Когда обед кончился, все перешли в большую роскошную гостиную. Там были картины, фрески, пальмы, диваны и кресла в чехлах, огромный рояль под покрывалом. Стояли раскрытые карточные столики: Лист не ложился спать без партии виста. Однако, гости понимали, что карты будут позднее. Все надеялись, что аббат согласится играть. Лист нередко играл в обществе, если удавалось его раззадорить или если его просили красивые женщины. У Майстера лицо стало тревожным, даже робким.
— Фатер, — сказал он, придавая своим словам шутливость даже обращением. Разница в летах между ними была очень незначительна, и они называли друг друга по имени, часто с нежными эпитетами, вроде «дорогой», «дражайший», — иногда даже «Einzigster», что было совершенно верно: оба были, без сомнения, «единственные», — Фатер, с тех пор, как мы расстались, я кое-что набросал… Да, да, из «Парсифаля». Хочешь послушать? Рубинштейн нам сыграет.
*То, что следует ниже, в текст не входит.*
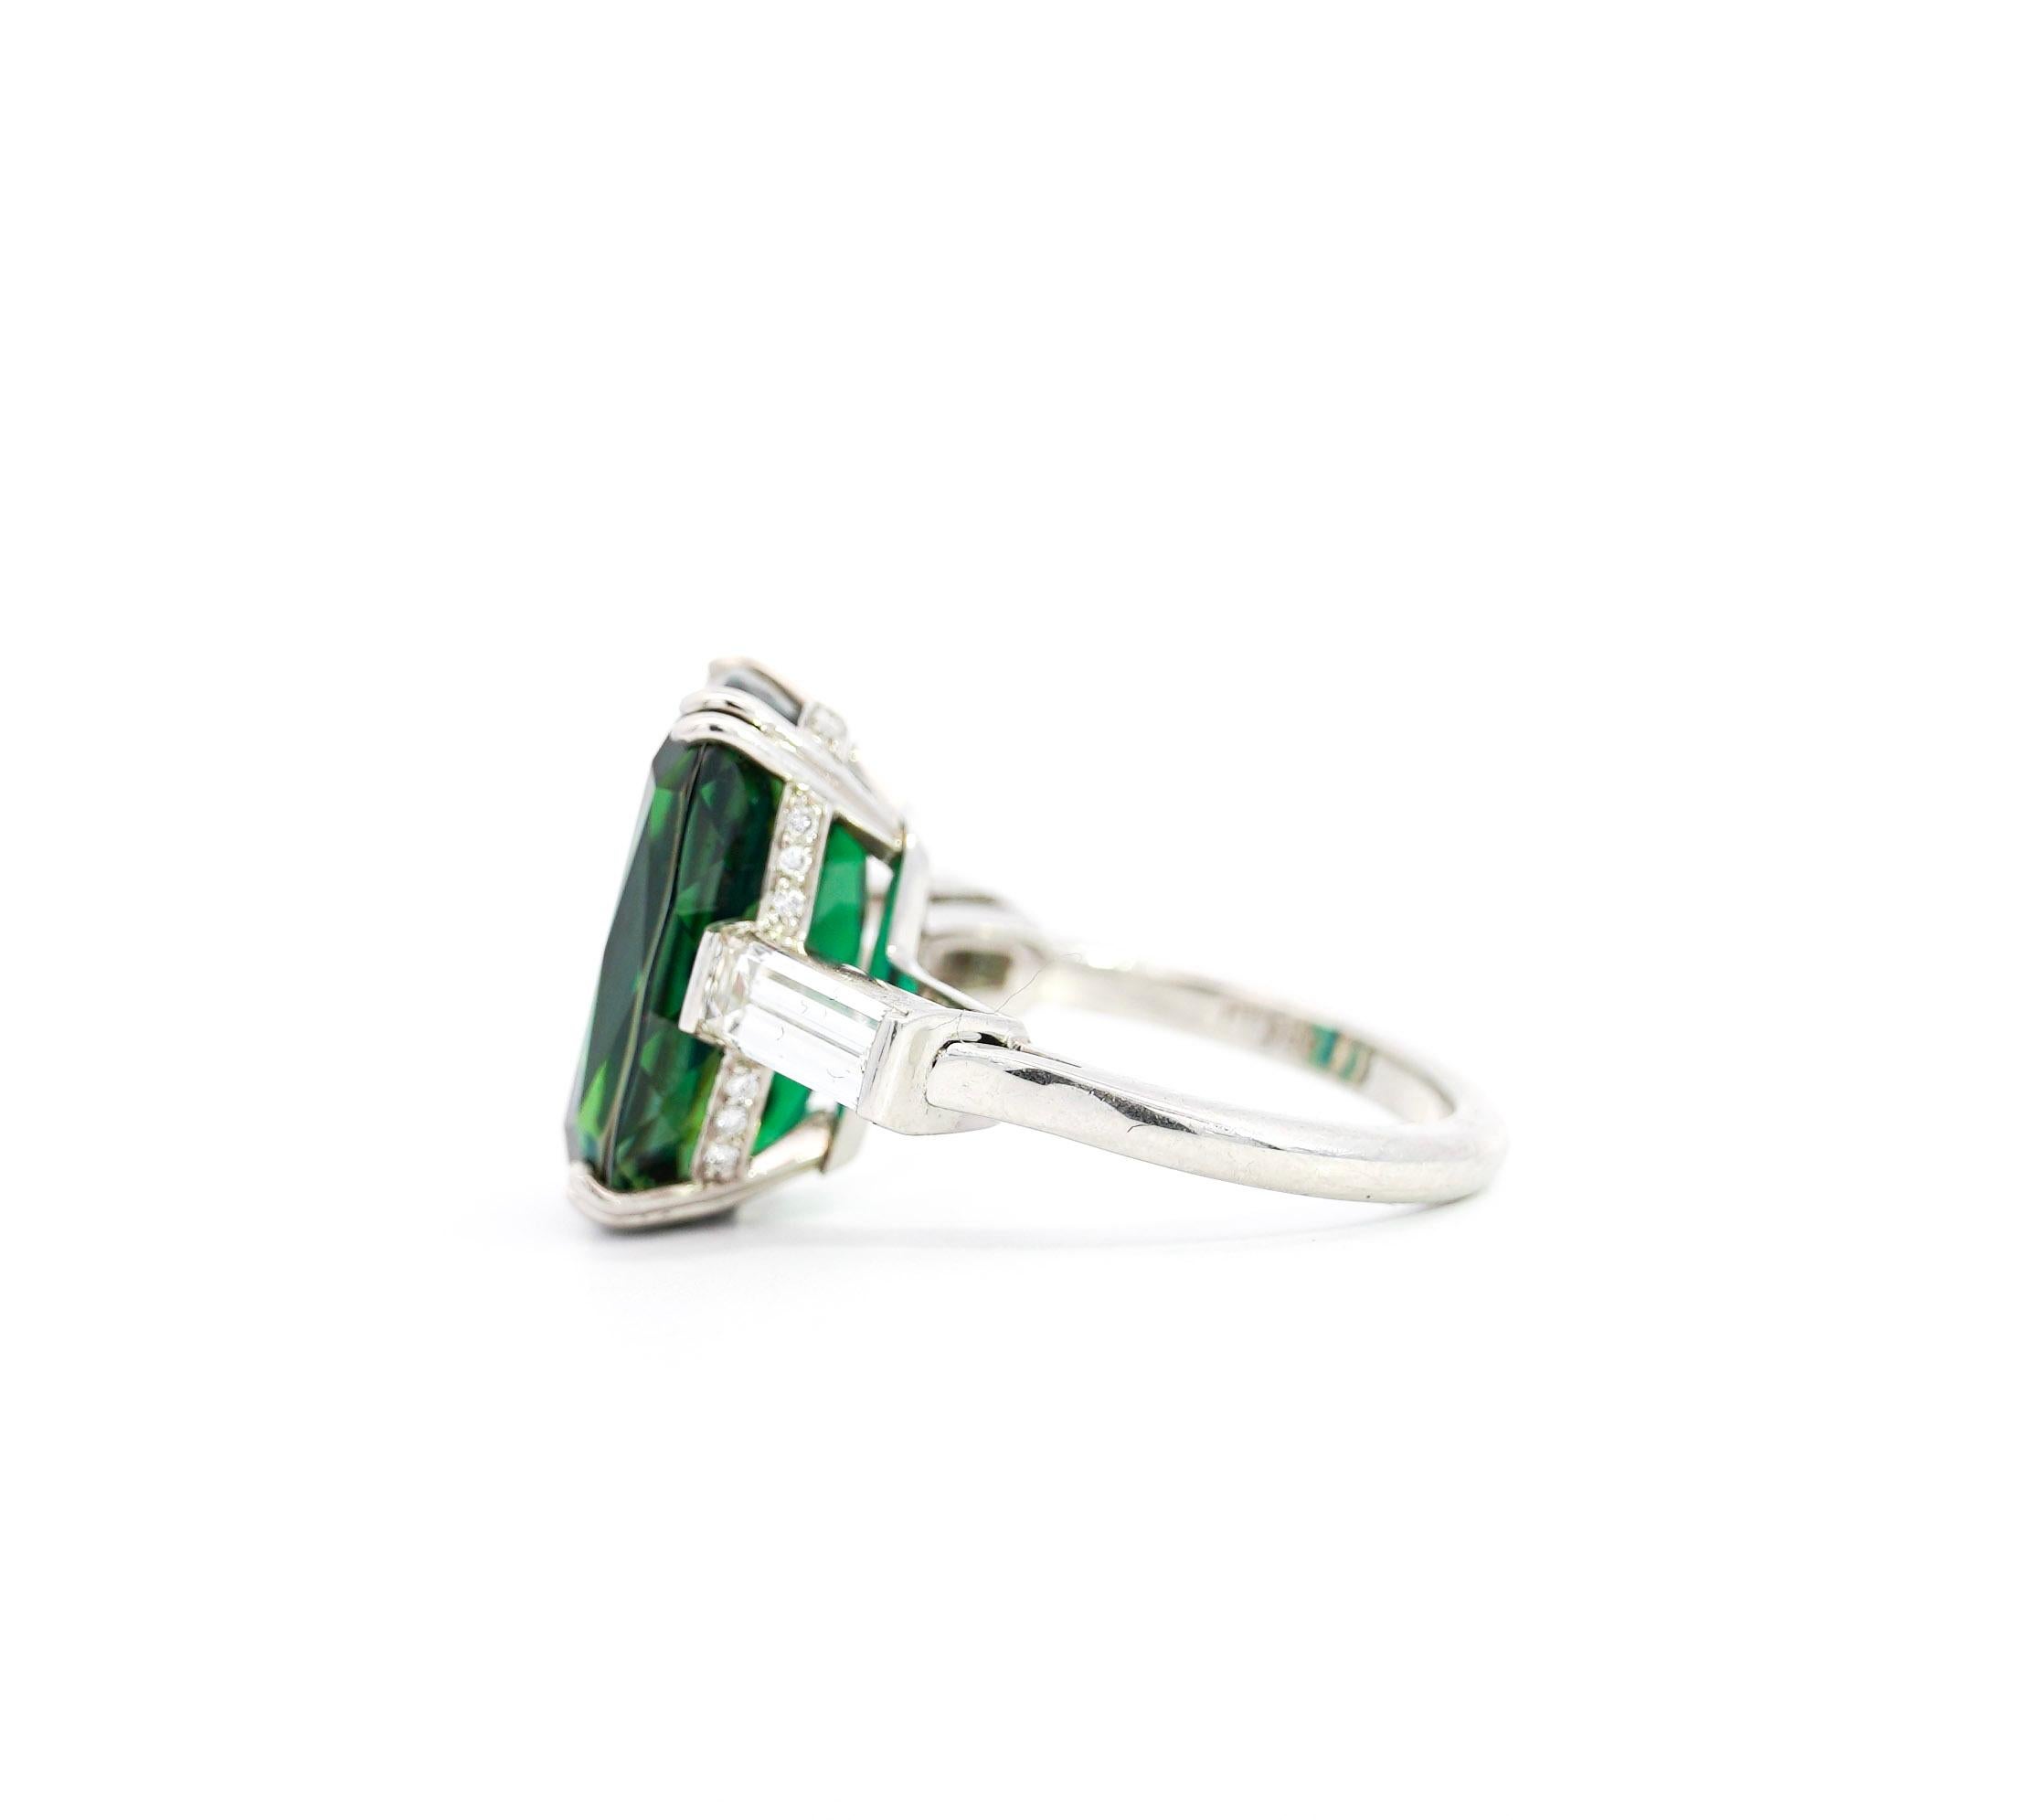 Asscher Cut Rare Green Tanzanite 12.68 Carat Cushion In Platinum 950 & Baguette Diamond Ring For Sale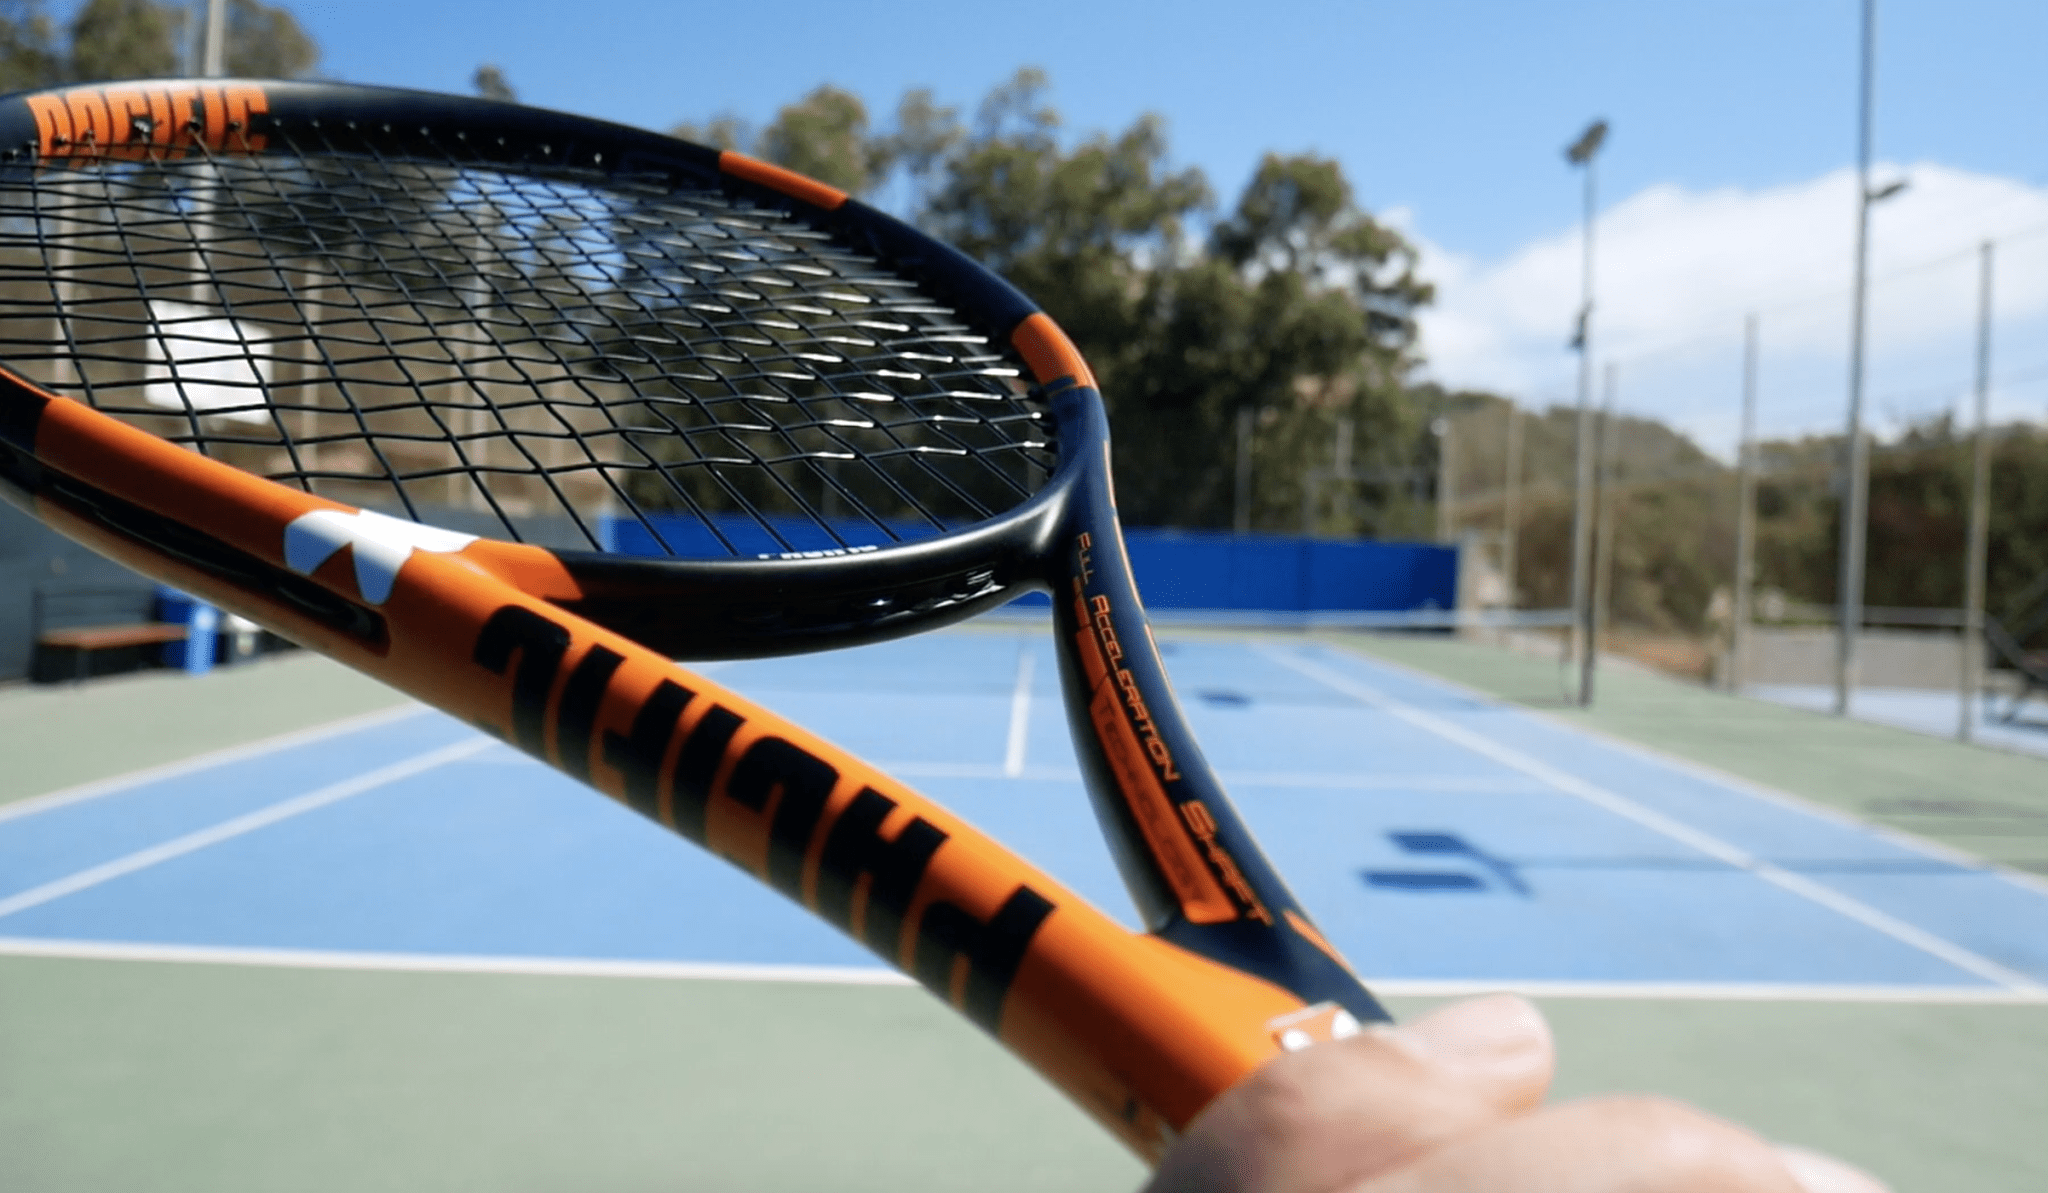 Pacific Speed Basaltx 3/8 tennis racket

Иосиф Рубинштейн запротестовал: Майстер просто не подумал о том, что говорит! (взгляд Козимы стал очень строгим): какой пианист посмеет прикоснуться к клавишам в присутствии Франца Листа! Седая дама одобрительно кивнула головой. Действительно, все старые музыканты и ценители сходились на том, что никто никогда не играл так, как Лист. Сам Антон Рубинштейн признавал это. Он часто повторял, что не заслуживает чести быть сравниваемым с Листом, падал в обществе перед ним на колени и тоже, по ритуалу, как все пианисты, говорил, что не посмеет сесть за рояль в его присутствии, — после чего обычно садился и играл с аббатом в четыре руки.
По своему обыкновению, Лист отказывался: говорил, что слишком стар, что больше играть не умеет. Гости смеялись. Седая дама с той же милой улыбкой сказала, что, по слухам, господин аббат все же играет на рояле. Говорят, будто в его кабинете стоят два музыкальных инструмента, — притом довольно известные: один принадлежал Моцарту, а другой Бетховену. Говорят даже, что рояль господина аббата — последний, к которому прикасались руки великого автора Девятой симфонии.
Майстер слушал нетерпеливо. Правда, он боготворил Бетховена, но не любил, чтобы в его присутствии говорили о других, да еще в столь пышных выражениях. Лист, сдаваясь, сказал, что сначала хотел бы прочесть поэму и партитуру. Все засуетились. К столику с лампой у пальмы было придвинуто кресло. Рубинштейн сбегал наверх и принес рукописи. Аббат стал просматривать либретто. Дамы следили за каждым его движением. И в самом деле все его движения были красивы и величественны.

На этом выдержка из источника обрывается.